Germany expects up to 800,000 migrants this year

Interior minister says country could see four times the number from last year of people seeking asylum.

Refugee camp in Germany
Germany says it has room for 45,000 migrants in temporary facilities but estimates it needs up to 150,000 places [EPA]

Germany could see as many as 800,000 migrants arriving this year – four times the number from last year, the country’s interior minister has said, citing current trends as a signal for the drastic increase.

Thomas de Maiziere told reporters on Wednesday that more than 360,000 migrants have entered Germany this year, including a record of 83,000 in July, which he predicted would be broken in August.

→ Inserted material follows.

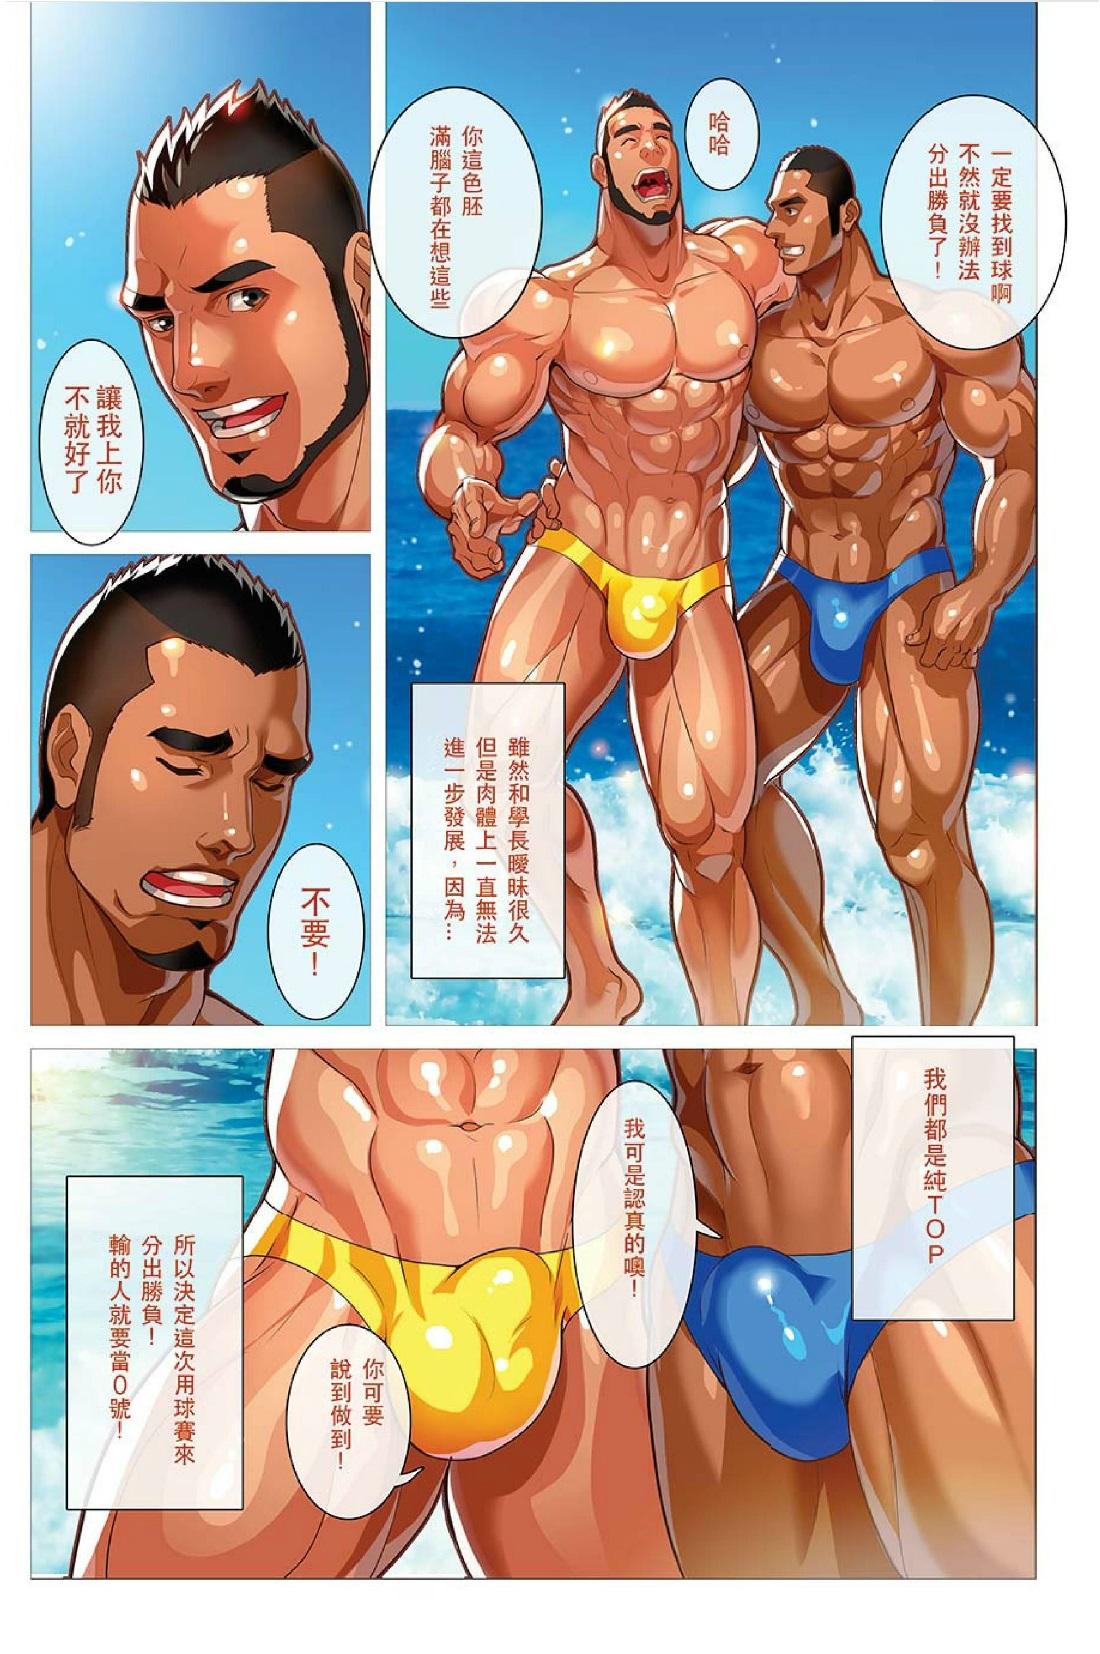 Lesbo 夏日男子筋肉潛艇堡 (Summer's end Muscle Heat - The Boys Of Summer 2015) by 大雄 (Da Sexy Xiong) + Bonus Prequel [CH] Fisting - Page 4

Germany remains the top destination for refugees in Europe, receiving 43 percent of all asylum applications in the 28-nation European Union, he said, adding that Europe has to come up with a better way to share the burden.

“Germany cannot take 40 percent of all of the asylum seekers forever,” he said.

The minister said temporary housing was in short supply but officials were working to resolve that. Germany has room for 45,000 people in temporary facilities but estimates it needs up to 150,000 places.

‘Likely unsustainable’

De Maiziere said government agencies had received “massive increases” in personnel to speed up the process of applying for asylum. Through July, Germany received 218,221 asylum applications, an increase of nearly 125 percent compared to the same period last year.

Germany is also looking at differentiating between refugees from war-torn countries like Syria, Iraq or Afghanistan, and the roughly 40 percent of asylum applicants who come from the Balkan nations.

In Geneva, the UN refugee chief, Antonio Guterres, told the AP news agency that Germany’s giant role in taking in migrants was “very probably unsustainable” and called for a broader response from the European Union. He said the situation pointed to “obvious dysfunction of the European asylum system”.

Guterres cautioned that other EU nations should not read the “generous” effort by Germany as a chance “to wash their hands and think, well, they are going to Germany – we don’t need to worry.”